Skip to contents

This function constructs multiple tables from microdata and applies the Cell Key Method to each table based on a description data frame specifying the table structure.

Usage

tabulate_and_apply_ckm_list(
  df,
  rk_var = "rkey",
  desc_tab,
  marge_label = "Total",
  prefix = "tab",
  D,
  V,
  js = 0,
  I = NULL,
  J = NULL,
  ...
)

Arguments

df

data.frame. Input microdata

rk_var

Character. Individual key variable (NULL for no keys)

desc_tab

data.frame. Table description with 3 columns (TAB, VAR, HRC) describing the tables to construct

marge_label

Character. Margin label (default: "Total")

prefix

character. Prefix to add to table names provided in desc_tab (default: "tab")

D

integer. Deviation parameter (must be strictly positive)

V

numeric. Noise variance (must be strictly positive)

js

integer. Threshold for sensitive values (default: 0). If js=0, only value 0 will be forbidden

I

integer vector. Original values to consider

J

integer vector. Perturbed values to consider

...

Additional parameters passed to transition matrix creation

Value

A list containing:

  • tab: list of tables (tibbles) with CKM applied to each

  • ptab: transition matrix used for calculations

  • risque: tibble with risk measures for each table

  • utilite: tibble with utility measures for each table

Details

The desc_tab data frame must have the following structure:

  • TAB: Table name or number

  • VAR: Variable name for the table

  • HRC: Hierarchy name if the variable has hierarchical relationship, NA otherwise

One row corresponds to one variable in a given table. Variables with hierarchical relationships should be listed in decreasing order of hierarchy (from broadest to finest level).

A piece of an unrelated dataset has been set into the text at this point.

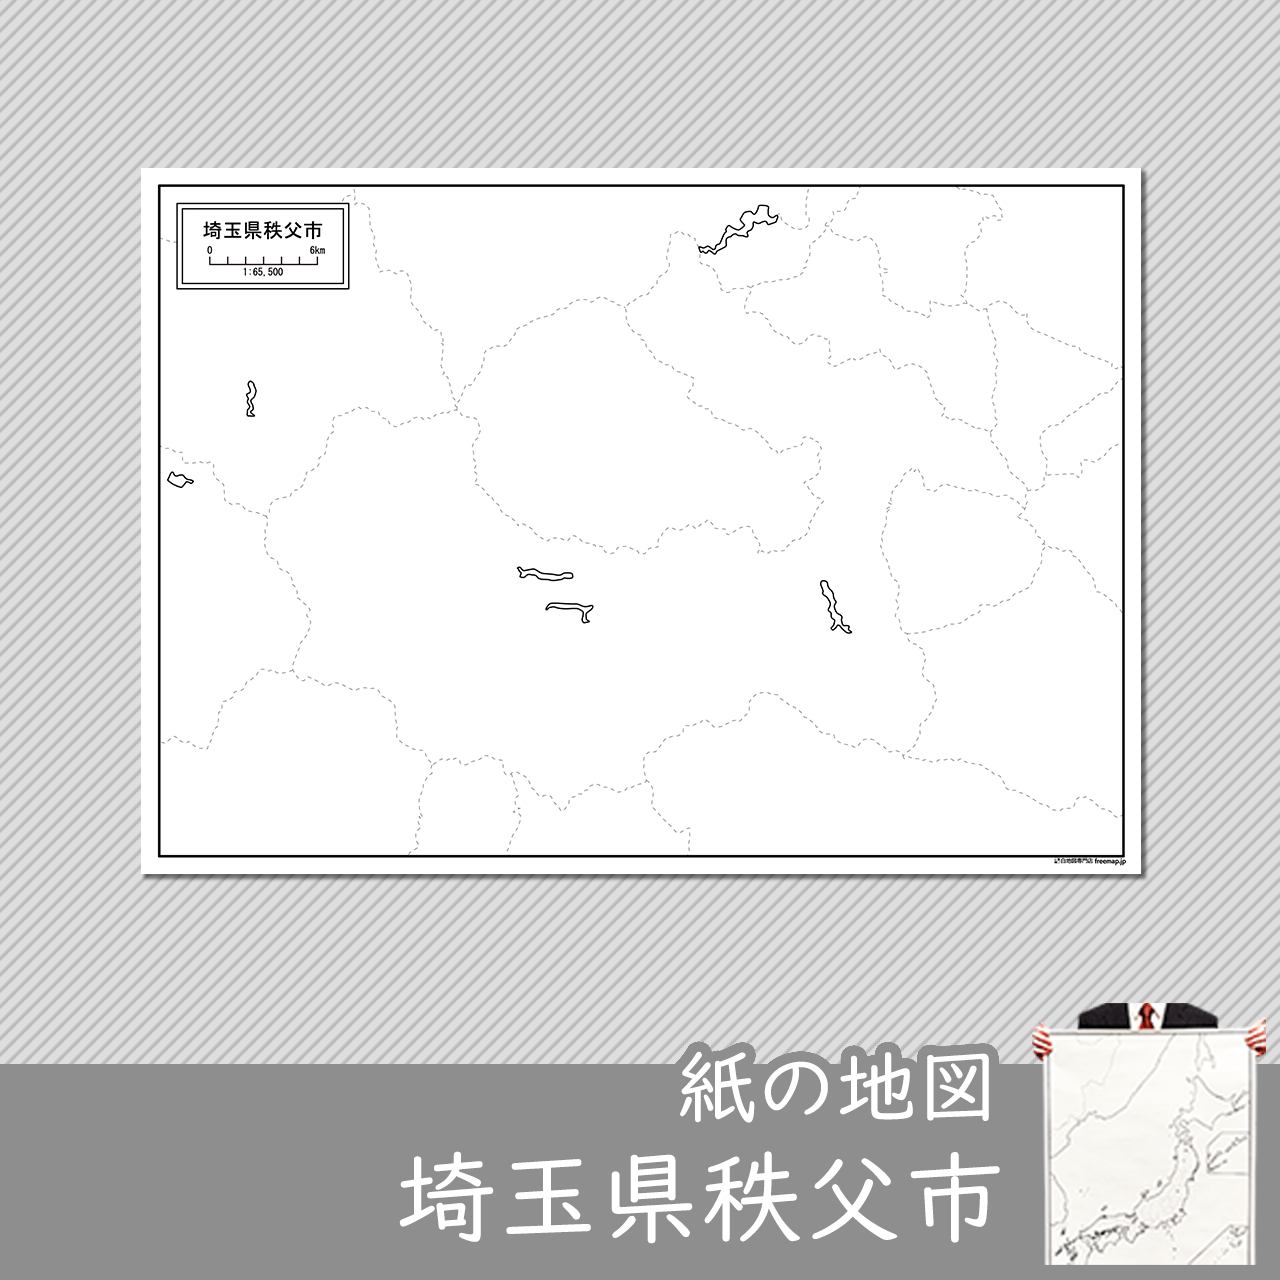 秩父市の紙の白地図のサムネイル
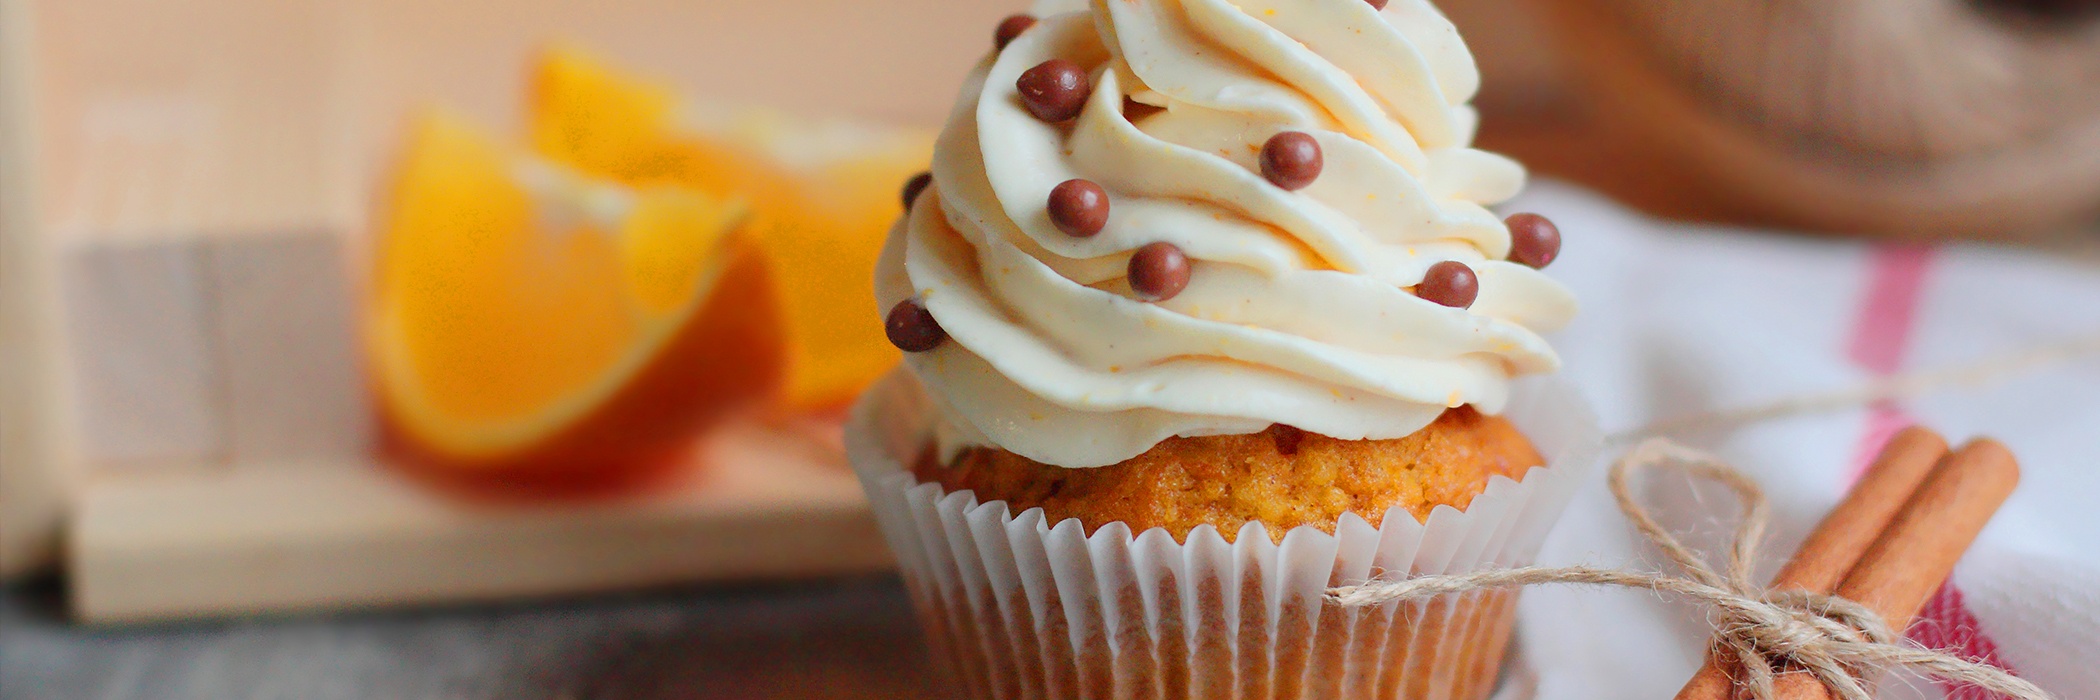 Spennellare code di sirena al cioccolato con glitter alimentari per  decorare cupcakes alla vaniglia.

Two variables (e.g., REGION and DEPARTEMENT) in the same table with a hierarchical relationship must have the same value in the HRC column.

Examples

if (FALSE) { # \dontrun{
data("dtest")
set.seed(123)
dtest_avec_cles <- build_individual_keys(dtest)

# Define two tables:
# tab1: DIPLOME * SEXE * AGE
# tab2: DIPLOME * TYPE * REG * DEP, where REG > DEP
desc_tableaux <- data.frame(
  TAB = c(rep(1,3), rep(2,4)),
  VAR = c("DIPLOME", "SEXE", "AGE", "DIPLOME", "TYPE", "REG", "DEP"),
  HRC = c(rep(NA, 5), rep("GEO",2))
)

res_ckm <- tabulate_and_apply_ckm_list(
  df = dtest_avec_cles,
  desc_tab = desc_tableaux,
  marge_label = "Total",
  D = 10, V = 15, js = 4
)
} # }